CHROME: Clothed Human Reconstruction with Occlusion-Resilience and Multiview-Consistency from a Single Image
- URL: http://arxiv.org/abs/2503.15671v1
- Date: Wed, 19 Mar 2025 19:56:18 GMT
- Title: CHROME: Clothed Human Reconstruction with Occlusion-Resilience and Multiview-Consistency from a Single Image
- Authors: Arindam Dutta, Meng Zheng, Zhongpai Gao, Benjamin Planche, Anwesha Choudhuri, Terrence Chen, Amit K. Roy-Chowdhury, Ziyan Wu,
- Abstract summary: We present a novel pipeline to reconstruct 3D humans with multiview consistency from a single occluded image.<n>A 3D reconstruction model is then trained to predict a set of 3D Gaussians conditioned on both the occluded input and synthesized views.<n> achieves significant improvements in terms of both novel view synthesis (upto 3 db PSNR) and geometric reconstruction under challenging conditions.
- Score: 41.09080719555336
- License: http://creativecommons.org/licenses/by/4.0/
- Abstract: Reconstructing clothed humans from a single image is a fundamental task in computer vision with wide-ranging applications. Although existing monocular clothed human reconstruction solutions have shown promising results, they often rely on the assumption that the human subject is in an occlusion-free environment. Thus, when encountering in-the-wild occluded images, these algorithms produce multiview inconsistent and fragmented reconstructions. Additionally, most algorithms for monocular 3D human reconstruction leverage geometric priors such as SMPL annotations for training and inference, which are extremely challenging to acquire in real-world applications. To address these limitations, we propose CHROME: Clothed Human Reconstruction with Occlusion-Resilience and Multiview-ConsistEncy from a Single Image, a novel pipeline designed to reconstruct occlusion-resilient 3D humans with multiview consistency from a single occluded image, without requiring either ground-truth geometric prior annotations or 3D supervision.
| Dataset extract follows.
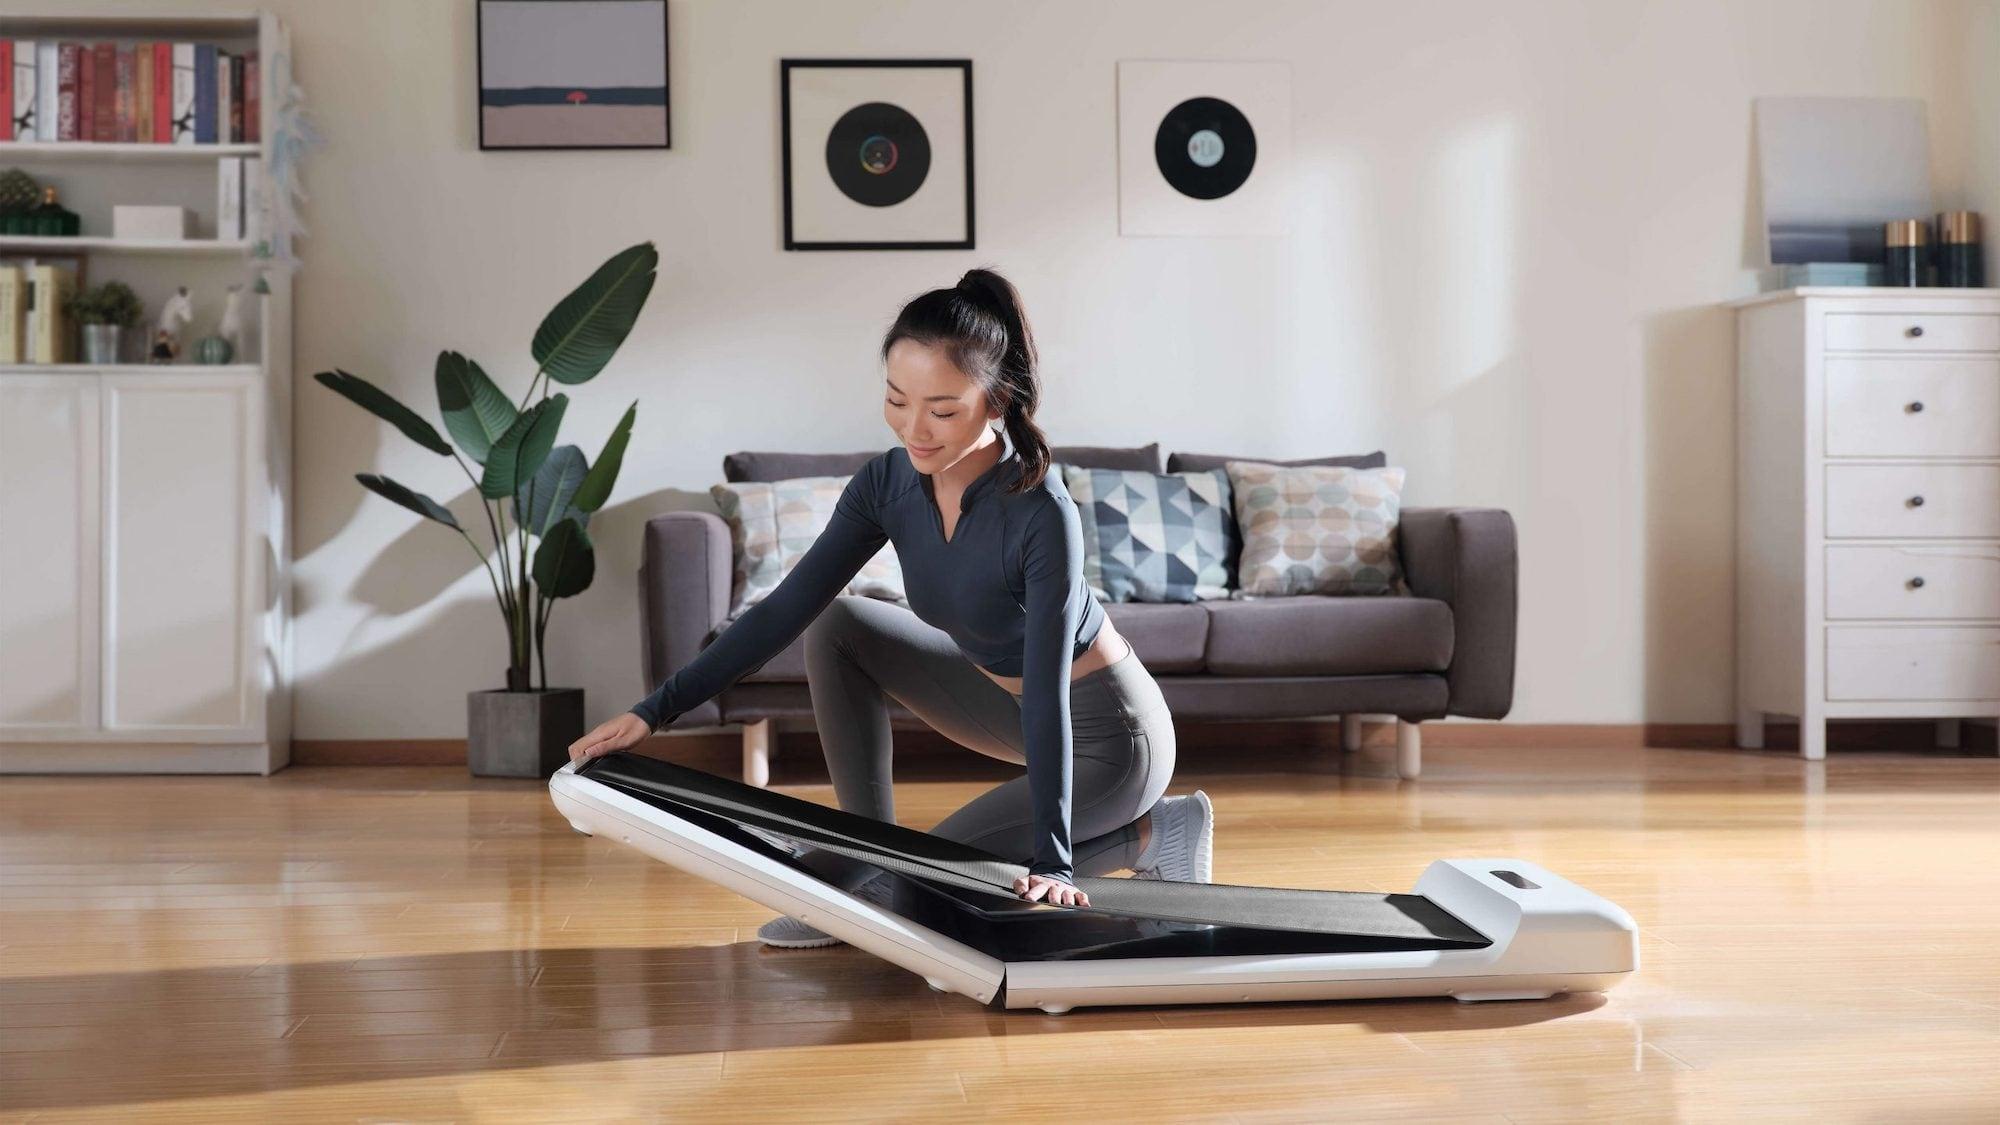 WalkingPad S1 Foldable Workout Device has a 180º hinge to save space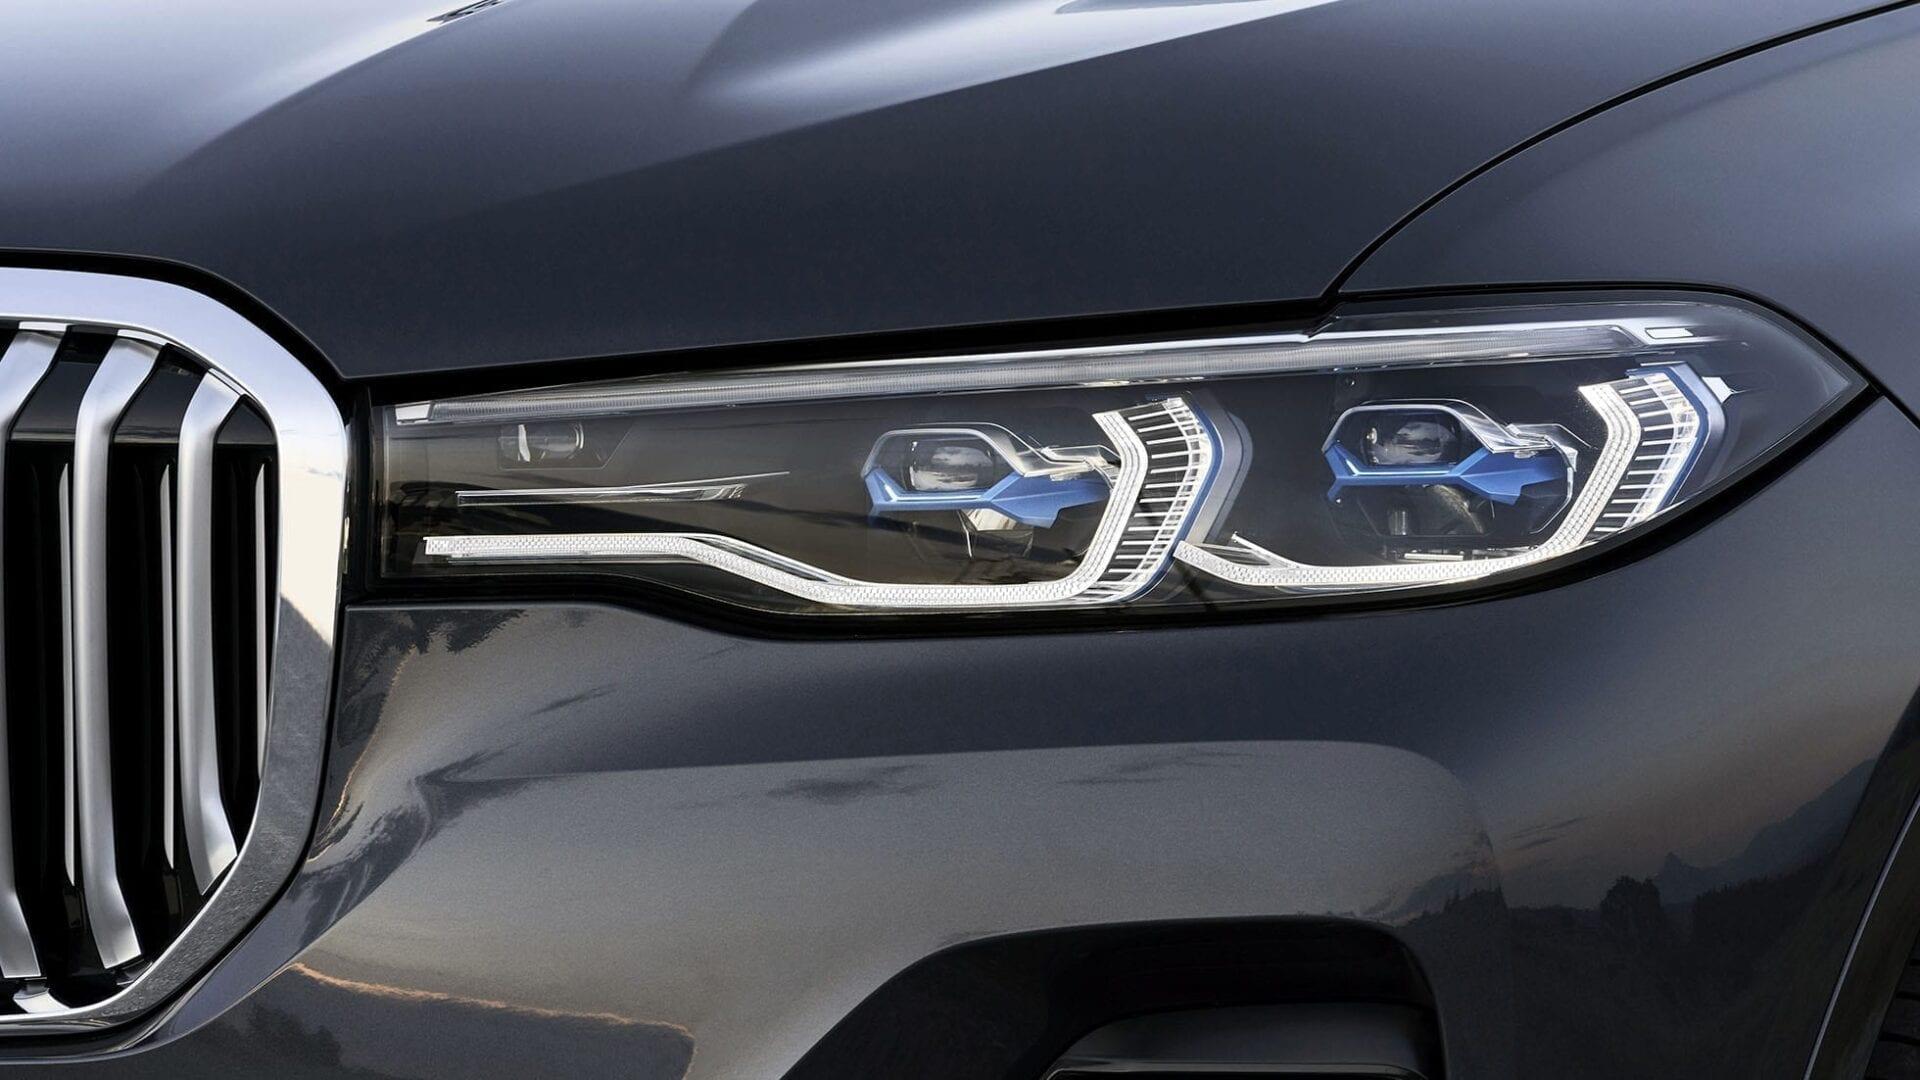 Luces led BMW X7

Specifically, CHROME leverages a multiview diffusion model to first synthesize occlusion-free human images from the occluded input, compatible with off-the-shelf pose control to explicitly enforce cross-view consistency during synthesis. A 3D reconstruction model is then trained to predict a set of 3D Gaussians conditioned on both the occluded input and synthesized views, aligning cross-view details to produce a cohesive and accurate 3D representation. CHROME achieves significant improvements in terms of both novel view synthesis (upto 3 db PSNR) and geometric reconstruction under challenging conditions.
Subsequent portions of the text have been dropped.